Adopt BIM For Better Project Management, Says Gammon
Contractors looking to do things better, faster, save money and reduce waste could benefit by adopting computer simulation technology on their projects, according to leading contractor Gammon Construction.
Citing data from the US, company director Derek So Kwok-leung said costs incurred by the contractor could be cut by 10 to 20 percent if they used Building Information Modelling (BIM) on their projects.
Gammon in particular had recognised the potential benefits from using BIM early on and in 2006 set up a dedicated department , the Visual Design and Construction Team.
So said using BIM technology helps in visualization of the building design and its construction sequence in three dimensions, allows better safety planning, better coordination of electrical and mechanical services and helps identify areas for cost savings.

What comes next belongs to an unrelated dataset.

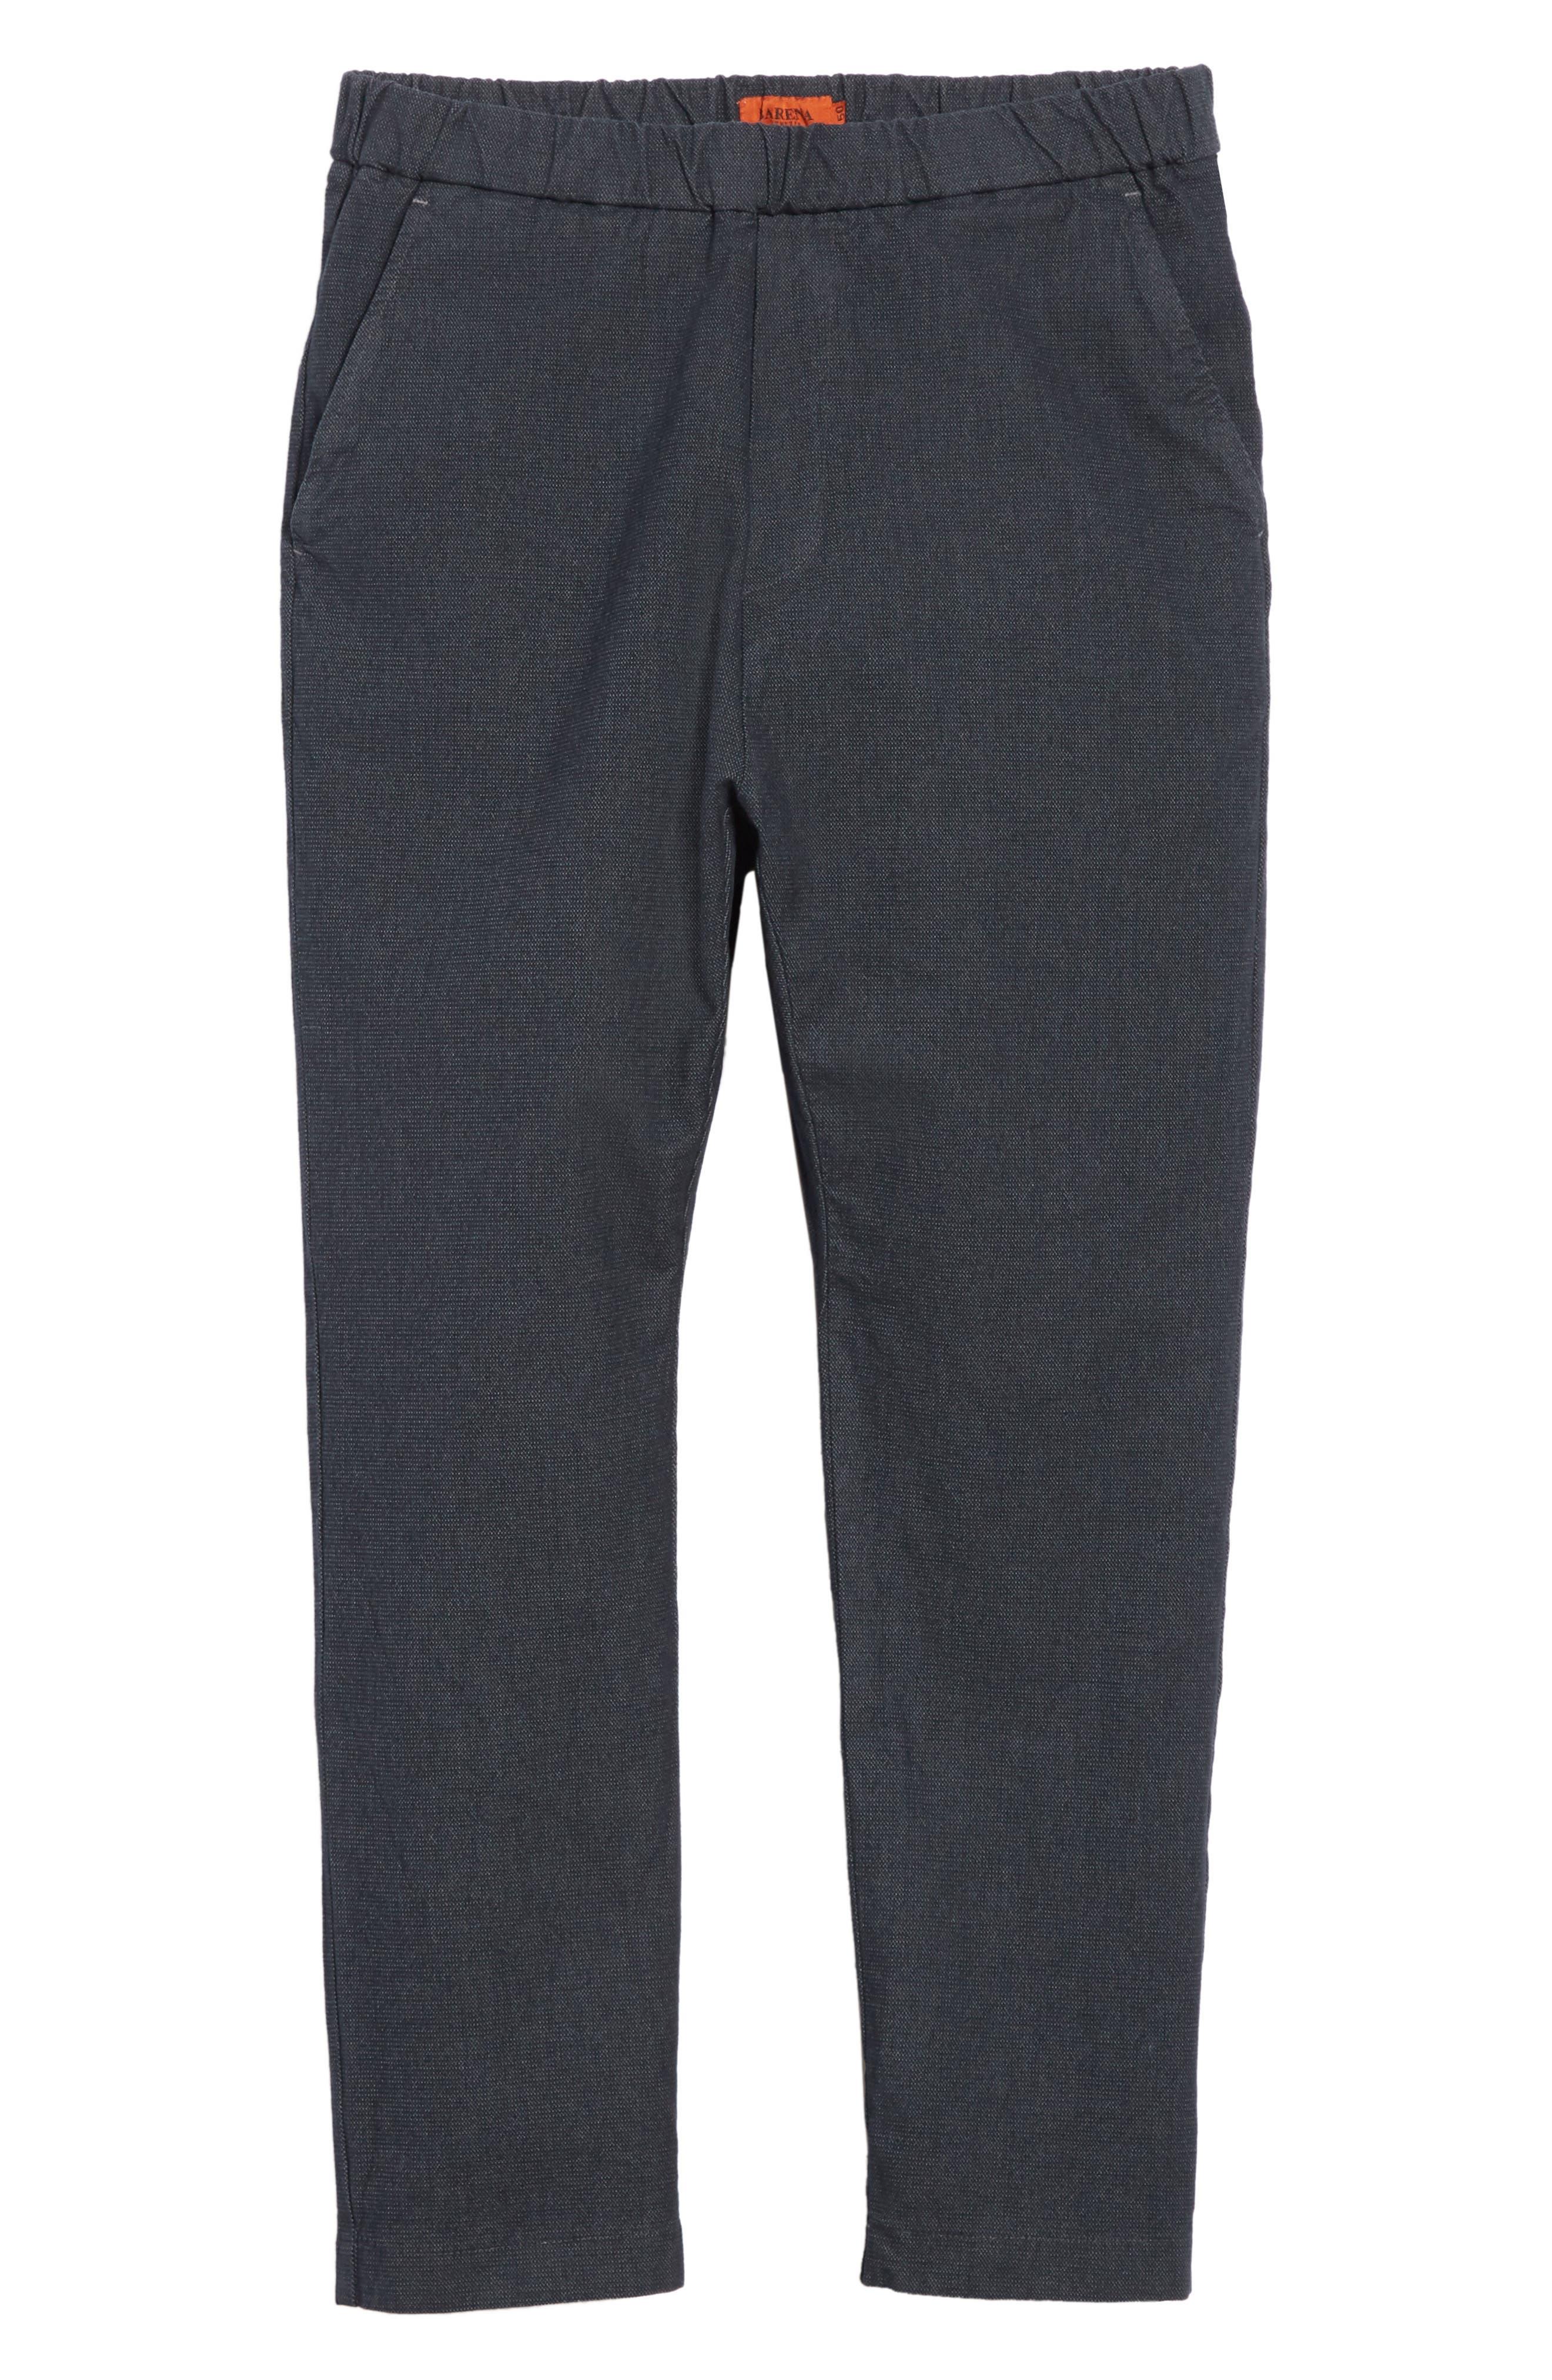 Aregna Ponto Trousers,                             Alternate thumbnail 6, color,                             020
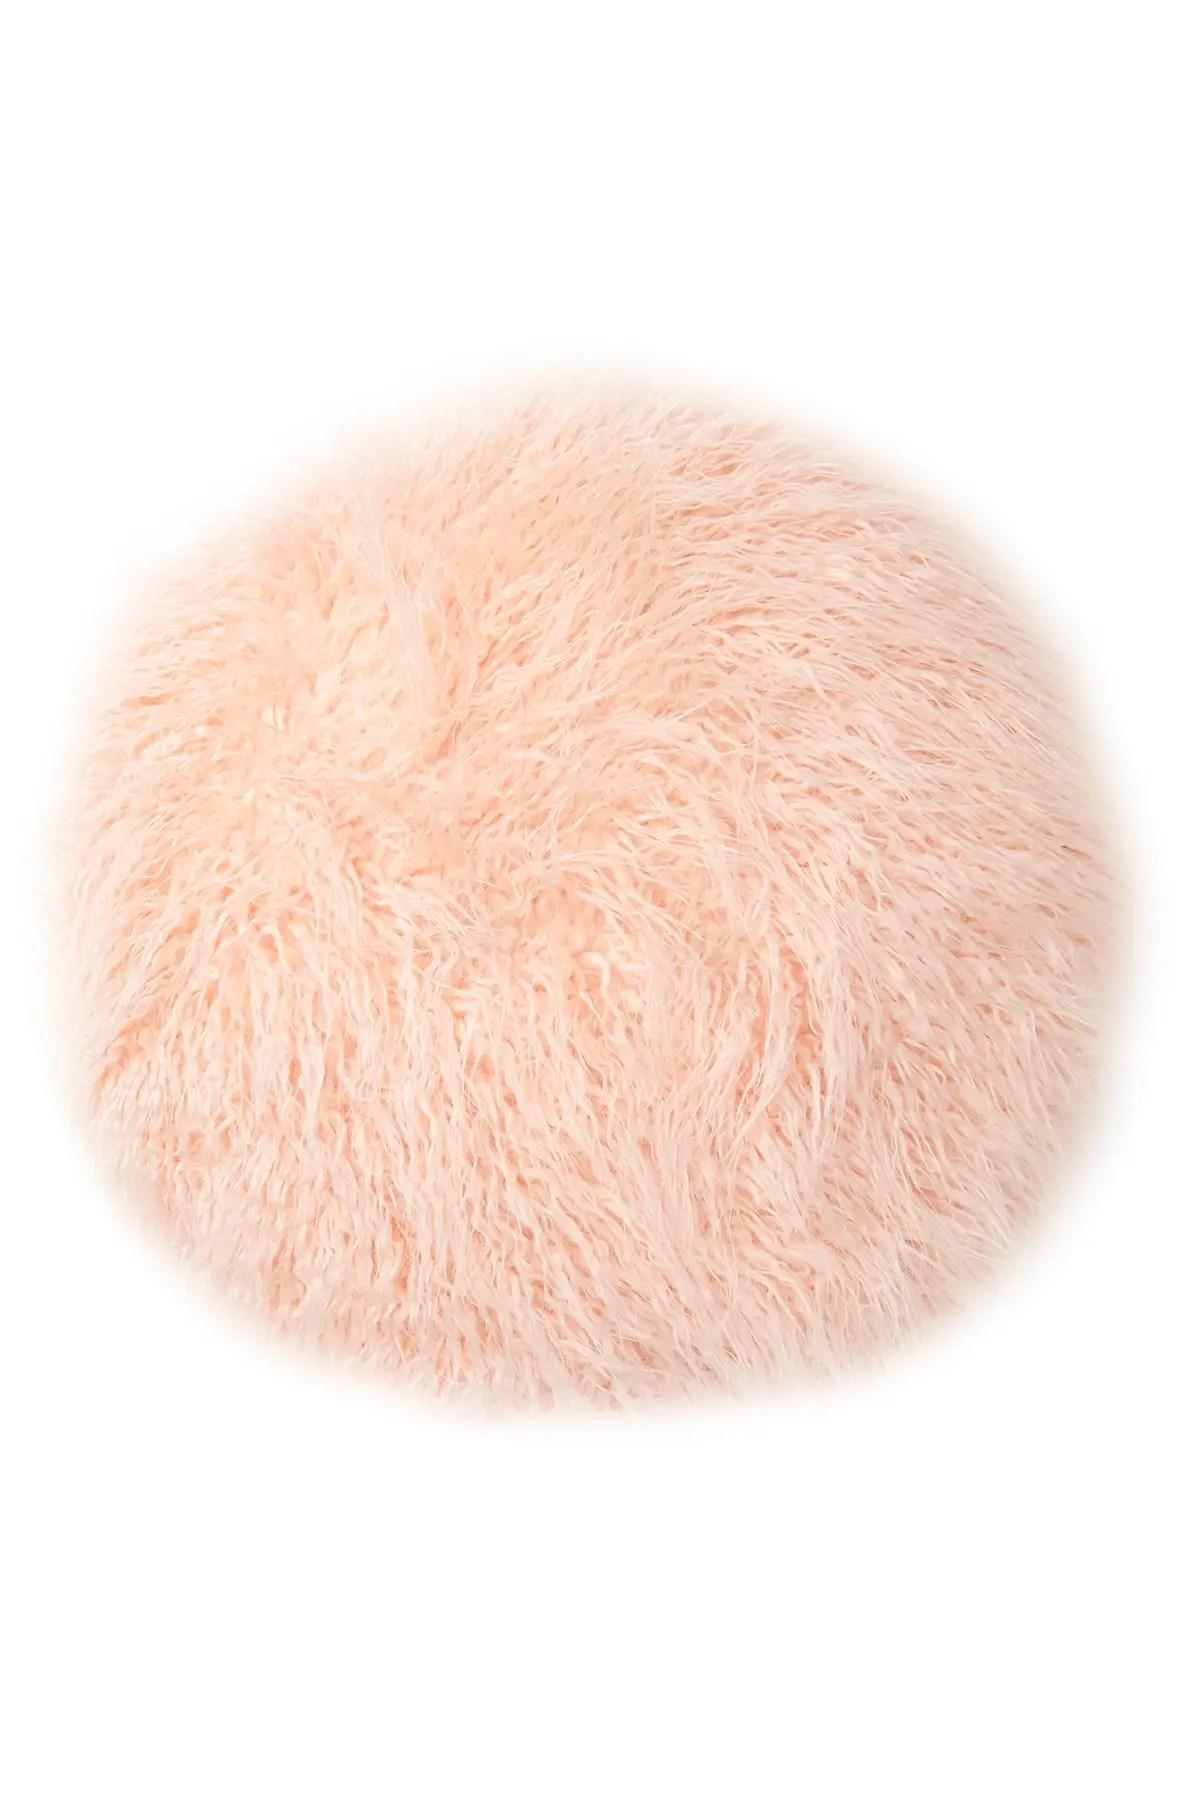 nordstrom rack flokati faux fur round

The first project to benefit by using BIM was the One Island East office project for Swire Properties (1972) in 2008.
“We identified 6,000 problem areas,” So said, pointing to BIM’s ability to identify problem areas beforehand.
Other projects that got the BIM treatment were The Forum in Central, OPUS Hong Kong at Stubbs Road and the redevelopment of Kwun Tong Swimming Pool.
The latest high profile project to use BIM is the Midfield Concourse project worth HK$6.2 billion at Hong Kong International Airport.
In particular, the Midfield Concourse project is the first time that Gammon has used 3D printing technology to construct a model of the steelwork superstructure for planning and make it easier to brief frontline workers on the work.